Figure 2. Panel (A): Enlarged spectrum of the acylacid fraction of SC from a healthy dog analyzed by APCI-MS; panel (B): MS2 fragmentation of the peak at m/z 743.65 seen on panel A; panel (C1): MS3 fragmentation of the peak at 467 (ωOH-C30:0); panel (C2): MS3 fragmentation of the peak at m/z 293.

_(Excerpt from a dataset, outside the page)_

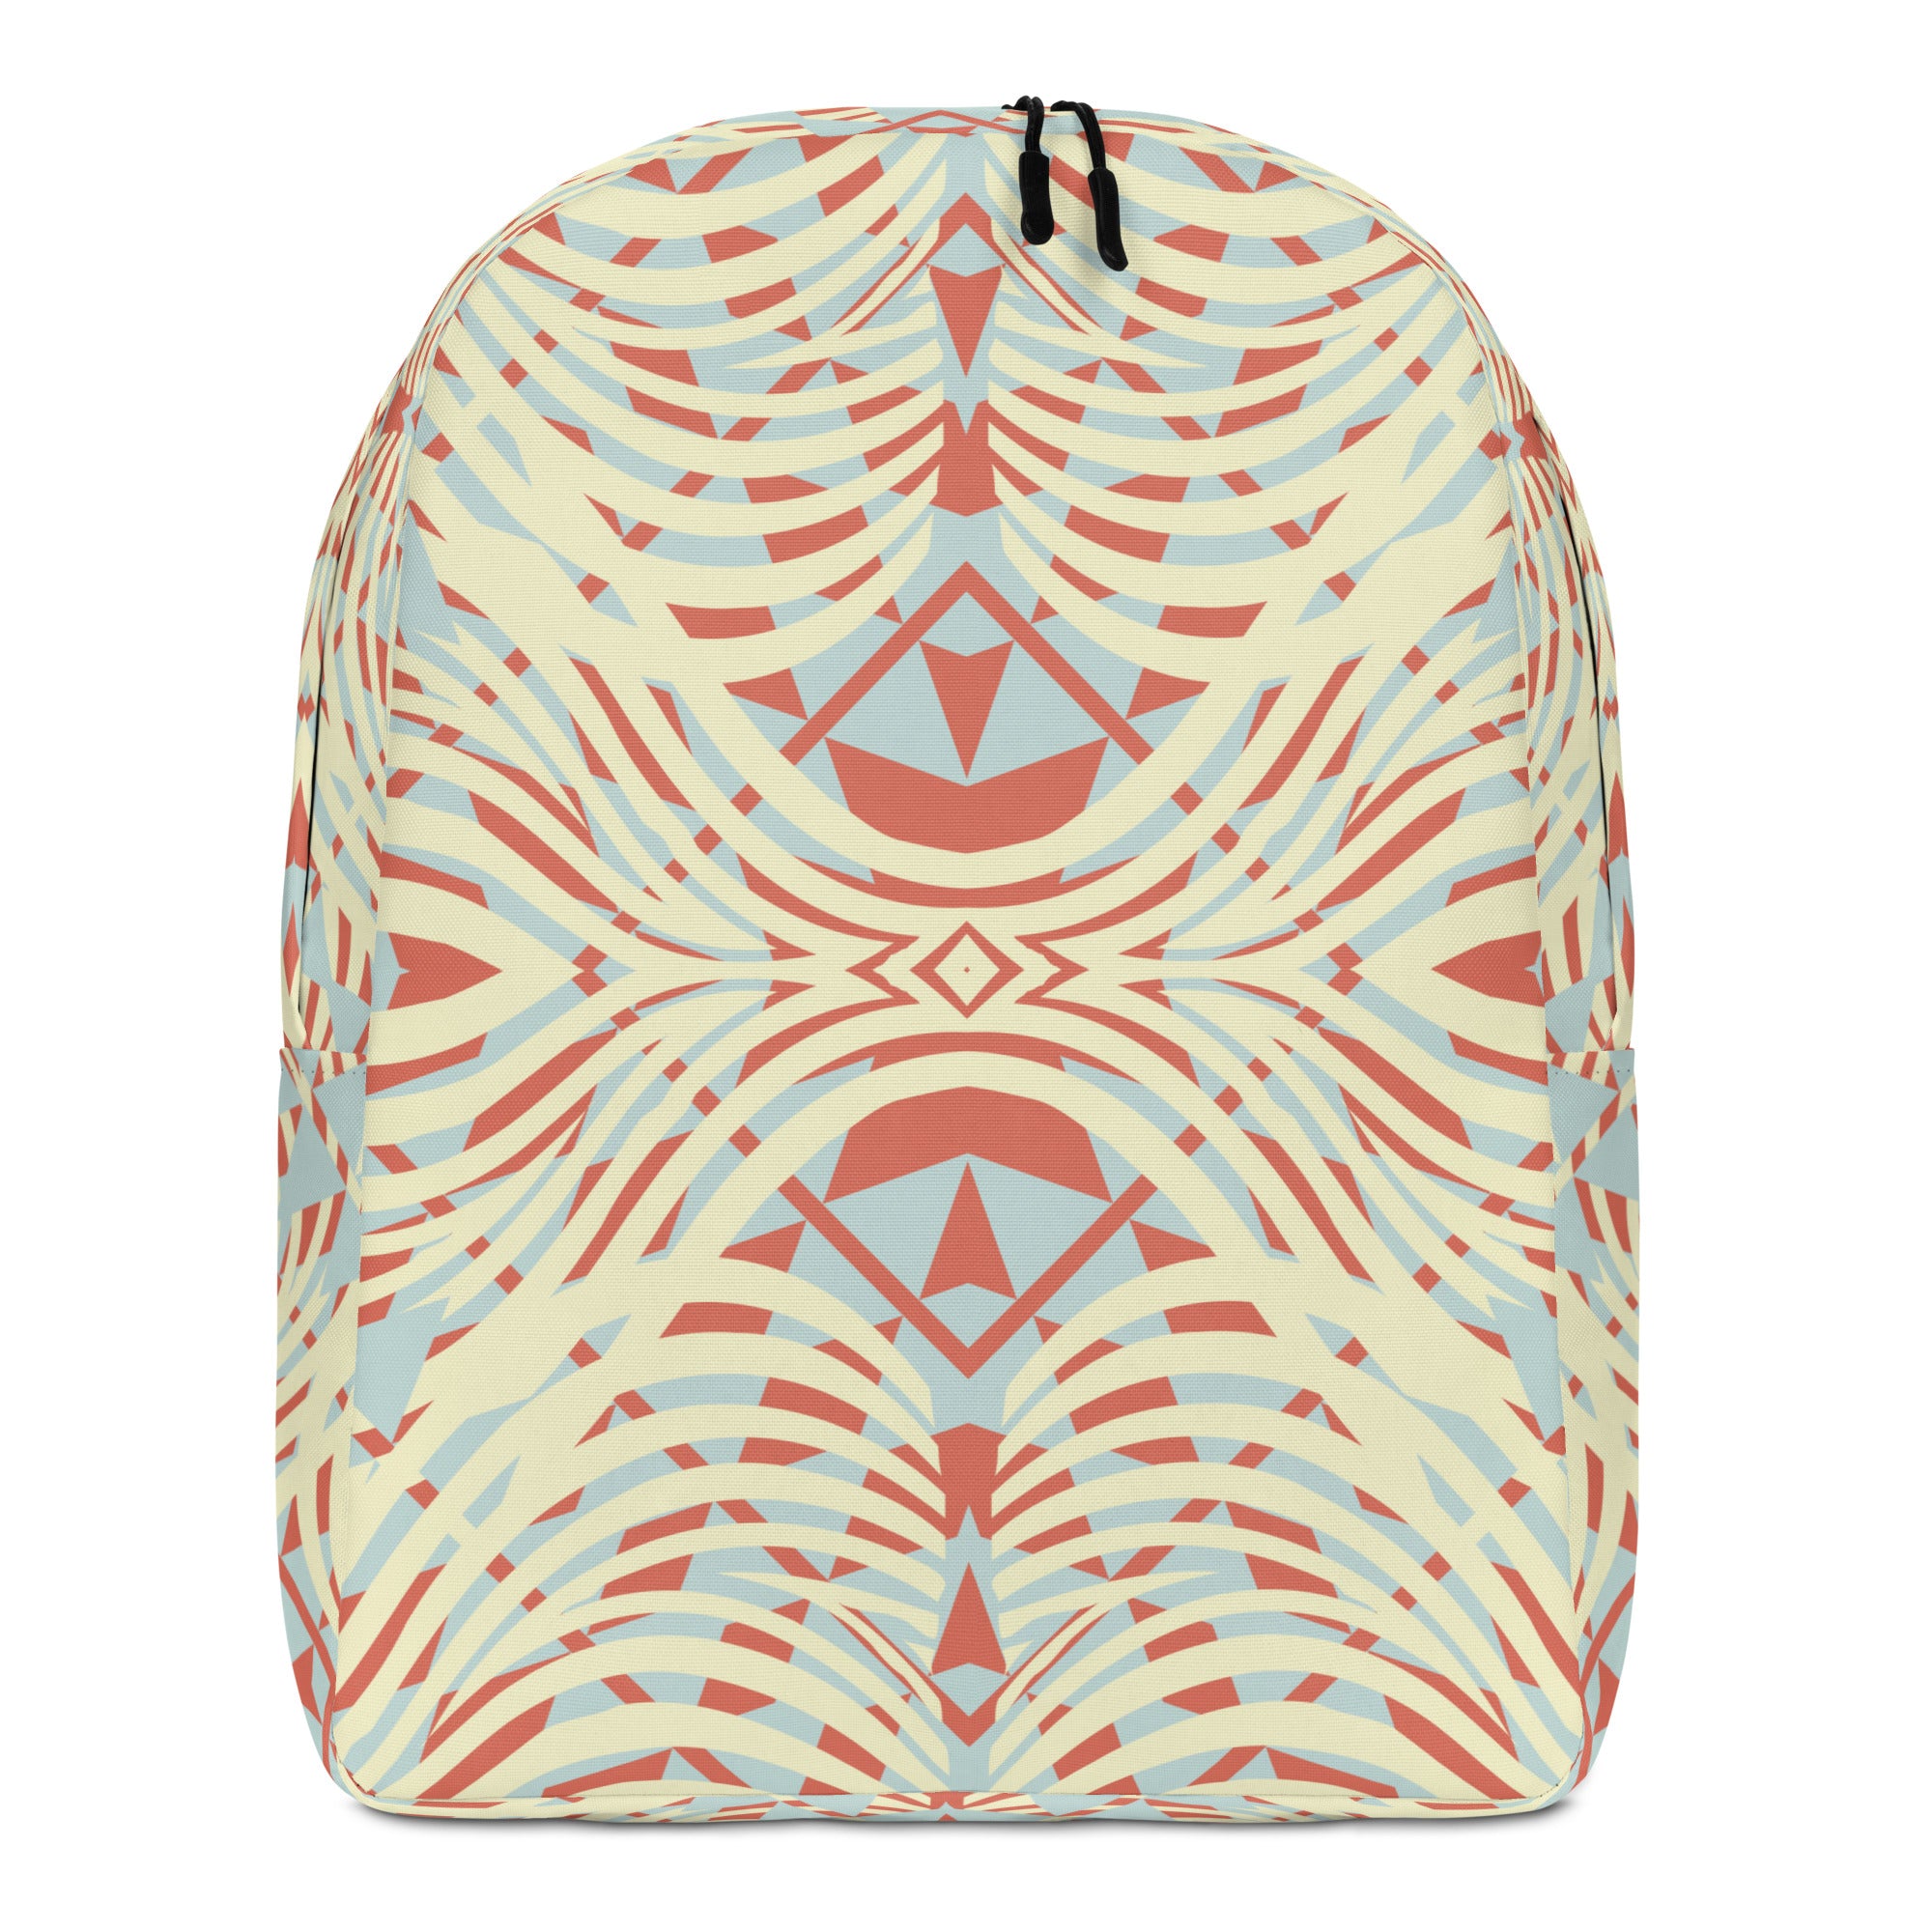 Minimalist Backpack- African Motif Pattern 03

Table 3 shows that the proportions of LA as keto derivatives in the five SC samples of control dogs were in the 3% to 5% range, whereas they increased to the 12% to 16% range in ichthyotic dogs. It means that, although the concentration of LA is lowered in ichthyotic dogs’ SC, one of LA’s keto derivatives is not modified by the disease. In our recent study, the free fatty acid fractions of five control dogs increased their LA content by two-fold after being fed 12 weeks with an LA-enriched diet [2]. Interestingly, despite the significant increase in LA in the SC of those dogs, the proportions of keto derivatives in LA remained in the same 3% to 5% range as the control dogs from this study.

Table 3. Percentages of LA found as keto-derivatives in canine stratum corneum.

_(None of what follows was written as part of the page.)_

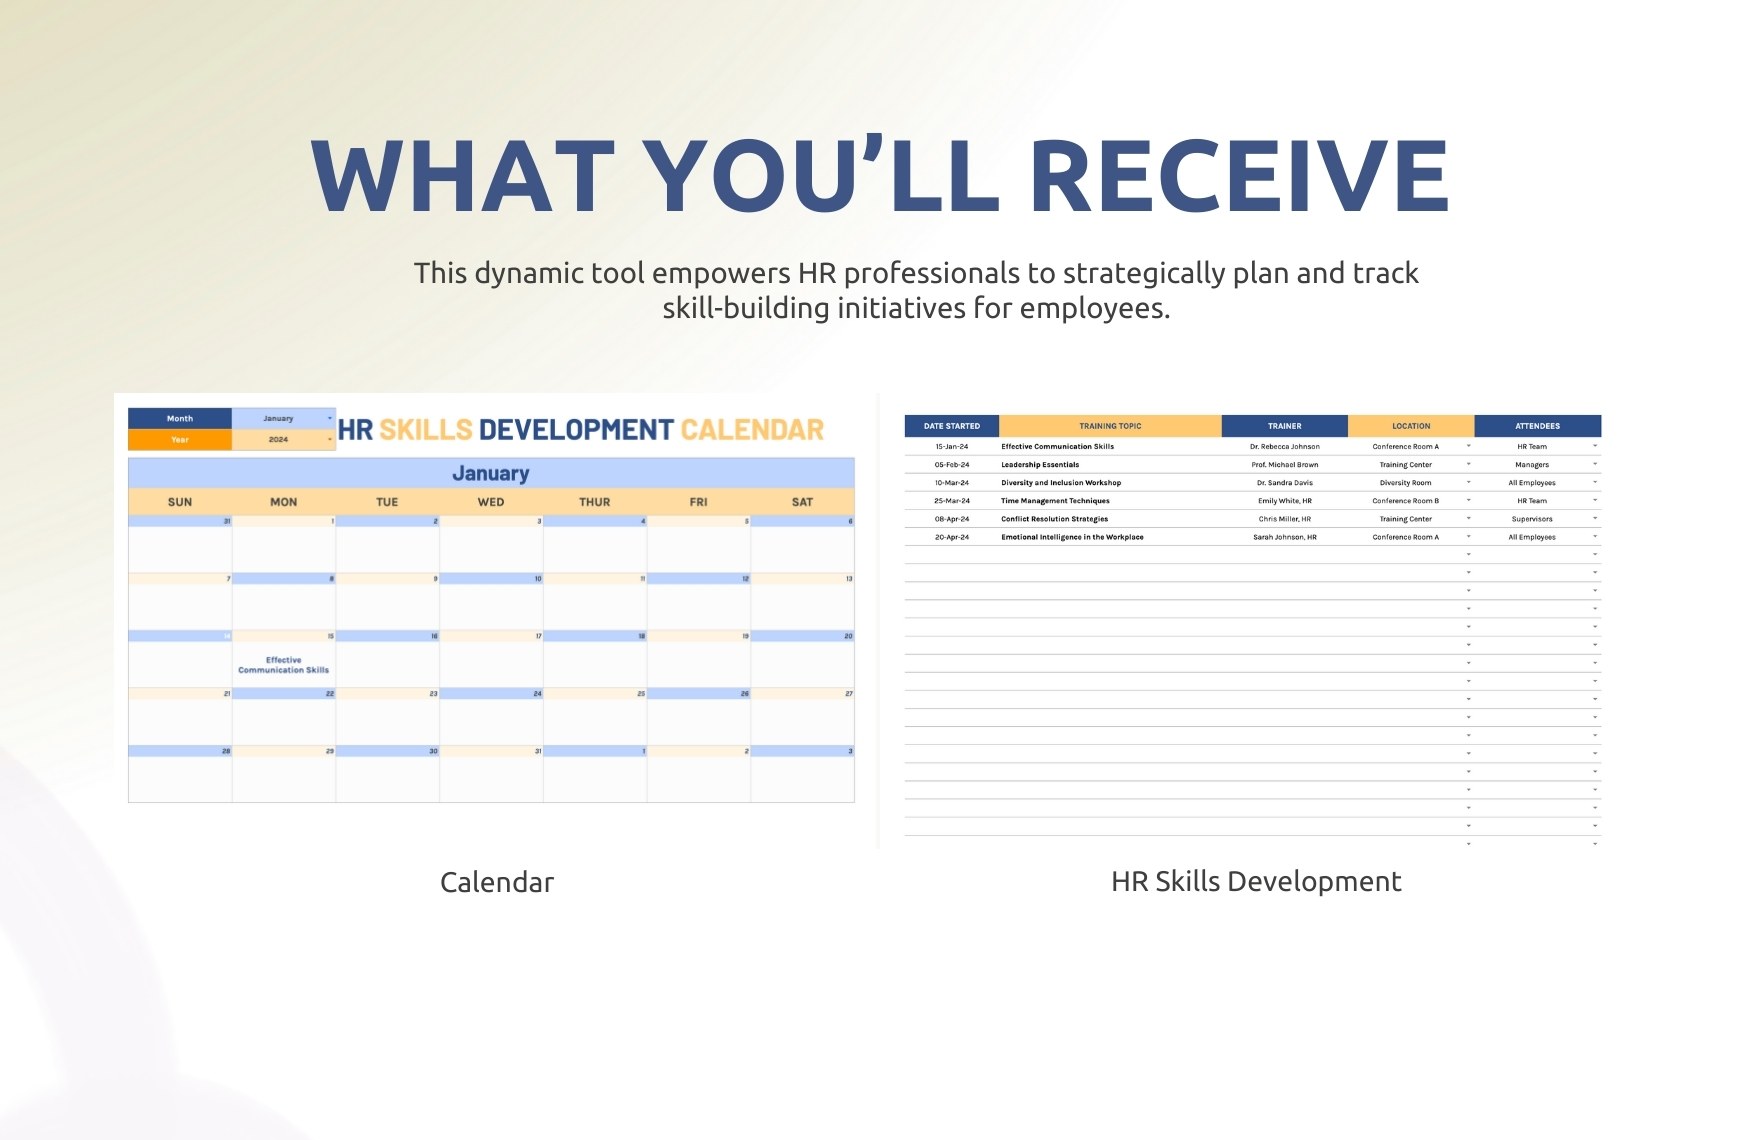 HR Skills Development Calendar Template

2.2. The LA Hydroperoxide Identification

The formation of oxygenated derivatives from esterified LA in the epidermis depends mostly on the activity of the two lipoxygenases, 12R-lipoxygenase (12R-LOX) and epidermal lipoxygenase 3 (eLOX3) [13]. LA, which must be in an esterified form to be a substrate [14], is oxidized by 12R-LOX to give the specific hydroperoxide. The latter is converted by eLOX3 into a specific epoxyalcohol and a keto product. In the present study using mass spectrometry, the MS2 fragmentation of the putative keto derivative at m/z 293 did not show major ions at m/z 171 and m/z 211 that could suggest the presence of epoxyalcohols derived from LA, as outlined by Oliw et al. [12]. Therefore, the action of eLOX3 to account for the detection of an MS2 fragment at m/z 293 was unlikely.

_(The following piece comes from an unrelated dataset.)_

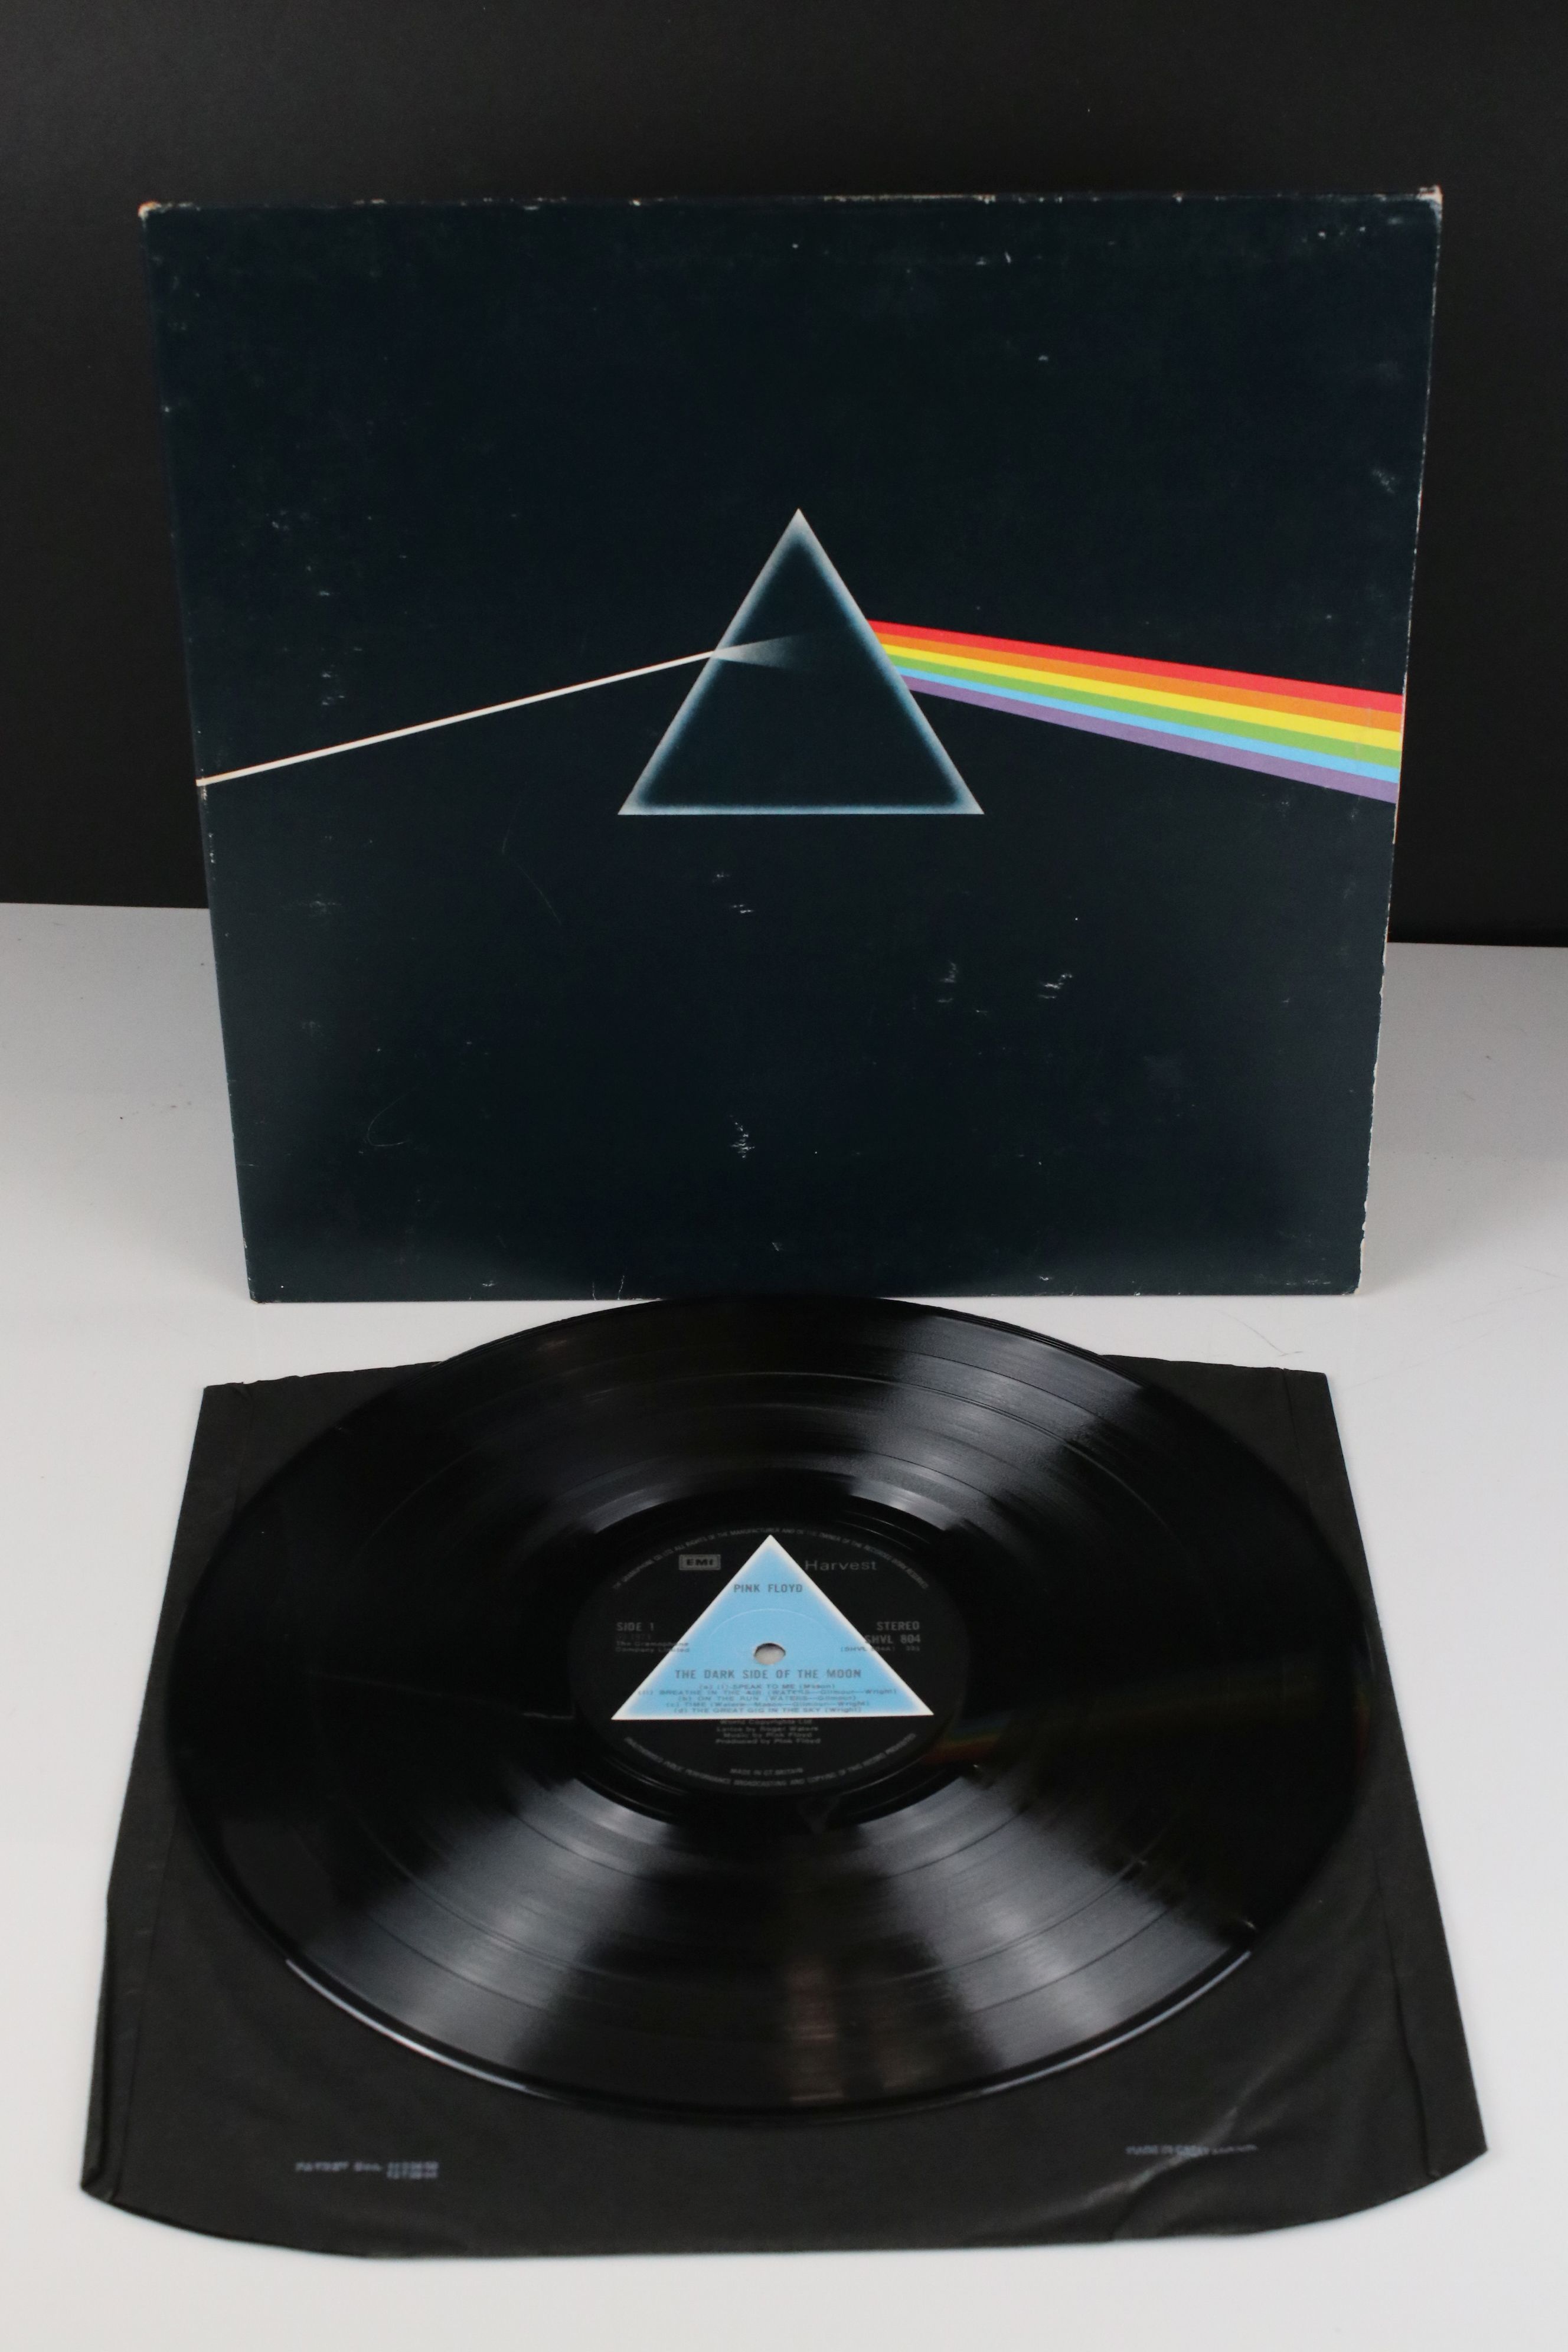 Vinyl - Pink Floyd Dark Side of The Moon LP on Harvest SHVL804 Stereo, solid light blue triangle, no

As an alternative explanation, the experimental conditions of mass spectrometry with APCI are known to induce a loss of H₂O from hydroperoxides, giving rise to keto derivatives [12]. Therefore, additional experiments were performed with electrospray ionization (ESI) that uses much milder experimental conditions to analyze the unstable hydroperoxide moieties [15]. The resulting MS2 spectrum (obtained by APCI-MS) of the acylacid ion at m/z 743.6 presented in Figure 2B, and performed again by ESI-MS, can be seen in Figure 3. A small fragment at m/z 311 can be seen, alongside the major one at m/z 293, suggesting the presence of linoleic acid hydroperoxides remaining in the experimental conditions of ESI, while this fragment was undetectable using APCI conditions (Figure 1, panel B).

Figure 3. Analysis by ESI-MS of the acylacid fraction of SC from the control dog is shown in Figure 2. MS2 fragmentation of the same peak at m/z 743.65 is seen in Figure 2. Insert: enlarged spectrum from m/z 285 to m/z 360. The peak at m/z 311 corresponds to LA hydroperoxide.

When the same fragmentation with ESI was applied to an authentic standard of 9(S)-HpODE, the spectra presented in Figure 4 (Panel A) show that a significant part of the native hydroperoxide (at m/z 311) lost a molecule of water to give the ion at m/z 293 that, after MS2 fragmentation, yielded a spectrum characteristic of 9-KODE (see Figure 1, Panel C) with major signals at m/z 185, m/z 197 and m/z 249 (Figure 4C). It was noticeable that MS2 of the remaining standard at m/z 311 (Figure 4B) yielded two small peaks at m/z 171 and m/z 201 that are characteristic of epoxides, according to Oliw et al. [12].

Figure 4. Analysis by ESI-MS of a standard of 9-HpoDE. Panel (A): full-scan MS; panel (B): MS2 fragmentation of the peak at m/z 311.2 seen in panel (A); panel (C): MS2 fragmentation of the peak at m/z 293.2 seen in panel (A).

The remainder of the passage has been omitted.